Dental trauma refers to trauma (injury) to the teeth and/or periodontium (gums, periodontal ligament, alveolar bone), and nearby soft tissues such as the lips, tongue, etc. The study of dental trauma is called dental traumatology.

Types

Dental injuries
Dental injuries include:
 Enamel infraction
 Enamel fracture
 Enamel-dentine fracture
 Enamel-dentine fracture involving pulp exposure
 Root fracture of tooth

Periodontal injuries 
 Concussion (bruising)
Subluxation of the tooth (tooth knocked loose)
Luxation of the tooth (displaced)
Extrusive
Intrusive
Lateral 
 Avulsion of the tooth (tooth knocked out)
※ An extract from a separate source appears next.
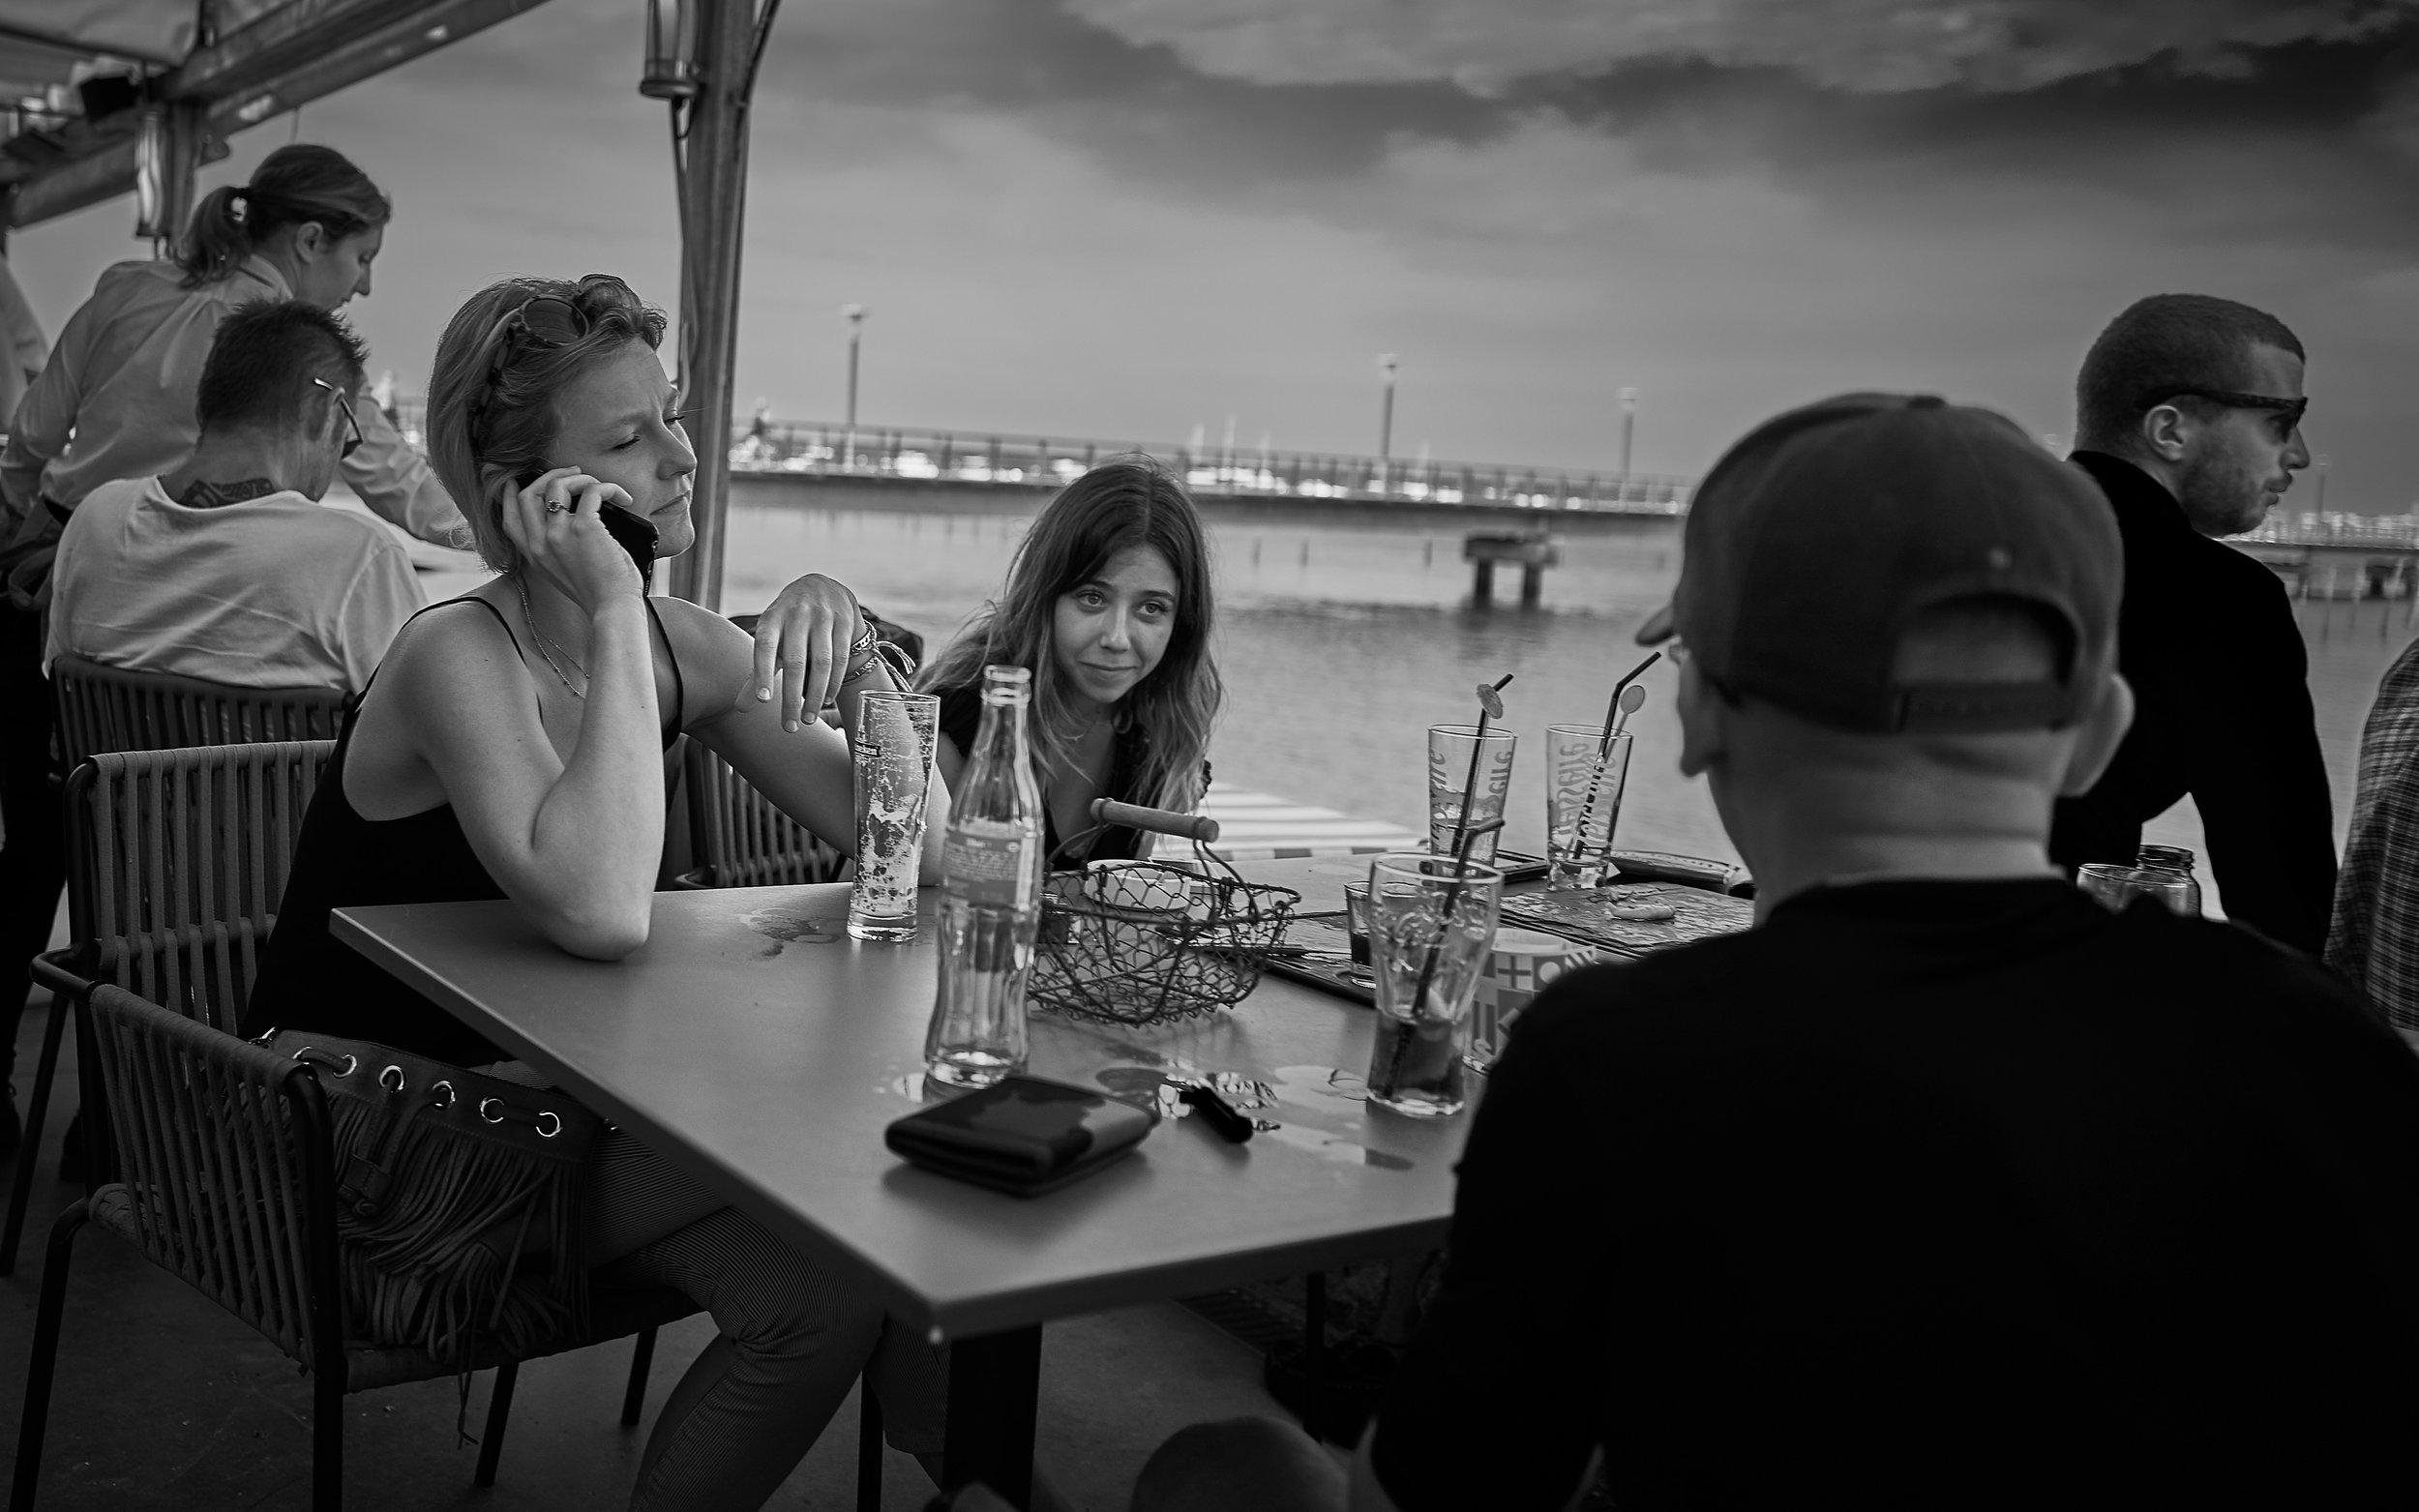 Regard d'une conversation // Cap-Ferret // juillet 2017 // Leica

Injuries to supporting bone 

This injury involves the alveolar bone and may extend beyond the alveolus. There are five different types of alveolar fractures: 
 Communicated fracture of the socket wall 
 Fracture of the socket wall
 Dentoalveolar fracture (segmental) 
 Fracture of the maxilla : Le Fort fracture, zygomatic fracture, orbital blowout
 Fracture of the mandible 
Trauma injuries involving the alveolus can be complicated as it does not happen in isolation, very often presents along with other types of tooth tissue injuries.

Signs of dentoalveolar fracture: 
 Change to occlusion
 Multiple teeth moving together as a segment and are normally displaced 
 Bruising of attached gingivae 
 Gingivae across the fracture line often lacerated
Investigation: Require more than one radiographic view to identify the fracture line.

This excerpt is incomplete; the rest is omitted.